Weiß jemand, wie ich aus dem getContent() den Inhalt der Message als Klartext bekommen kann?

Besten Dank!

henning-malaysia


----------



## henning-malaysia (8. Juni 2005)

Hmmmm, kennt sich da niemand aus


----------



## torsch2711 (8. Juni 2005)

Hi,

   da das ganze auch MIME codiert ist, wirst du mit getContent keinen plaintext rausbekommen.

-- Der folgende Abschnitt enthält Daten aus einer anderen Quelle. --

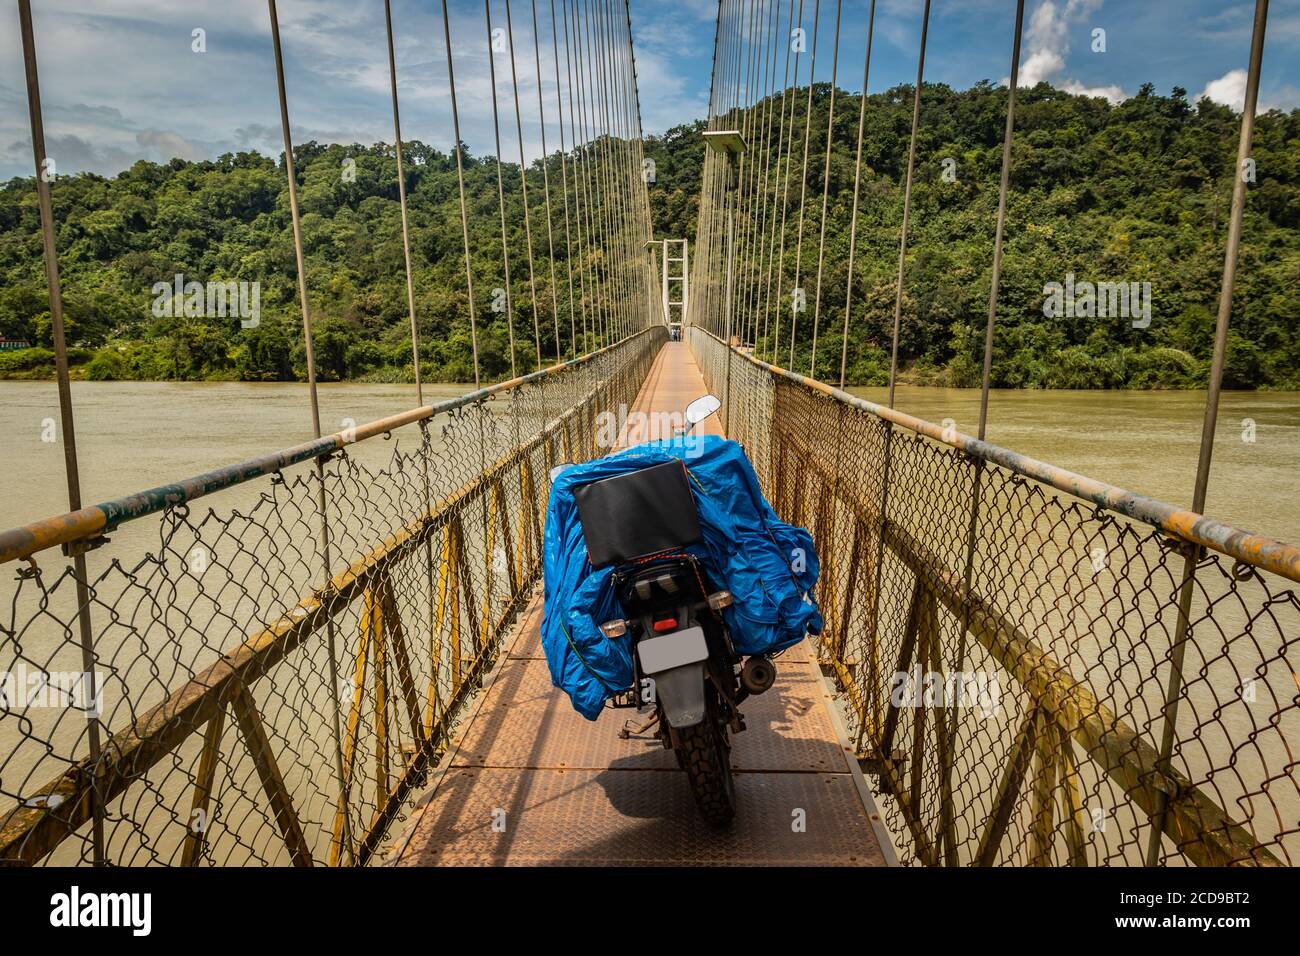 Solo Fahrer geladen Motorrad isoliert auf Hängebrücke Bild geparkt wird bei honnavar karnataka indien genommen. Es ist eine erstaunliche Erfahrung Moto zu fahren Stockfoto

   Hier ist ein bsp. wie du POP3 Nachrichten auslesen kannst:

http://www.javaworld.com/javaworld/jw-10-2001/jw-1026-javamail-p2.html

   Ich denke das hilft dir weiter.
   Ist auch sonst ein nettes tutorial 

  Und für eilige, hier die relevante stelle:

    Part messagePart=message;
          Object content=messagePart.getContent();

          // -- or its first body part if it is a multipart message --
          if (content instanceof Multipart)
          {
            messagePart=((Multipart)content).getBodyPart(0);
            System.out.println("[ Multipart Message ]");
          }

          // -- Get the content type --
          String contentType=messagePart.getContentType(); 

   if (contentType.startsWith("text/plain")
         || contentType.startsWith("text/html"))
        {
          InputStream is = messagePart.getInputStream();

          BufferedReader reader
           =new BufferedReader(new InputStreamReader(is));
          String thisLine=reader.readLine();

          while (thisLine!=null)
          {
            System.out.println(thisLine);
            thisLine=reader.readLine();
          }
        }

 EDIT: Upsi, die hälfte vergessen 

   Gruss,

   Torsten.


----------



## henning-malaysia (17. Juni 2005)

Ausgezeichnet, genau dieses....

Danke!


----------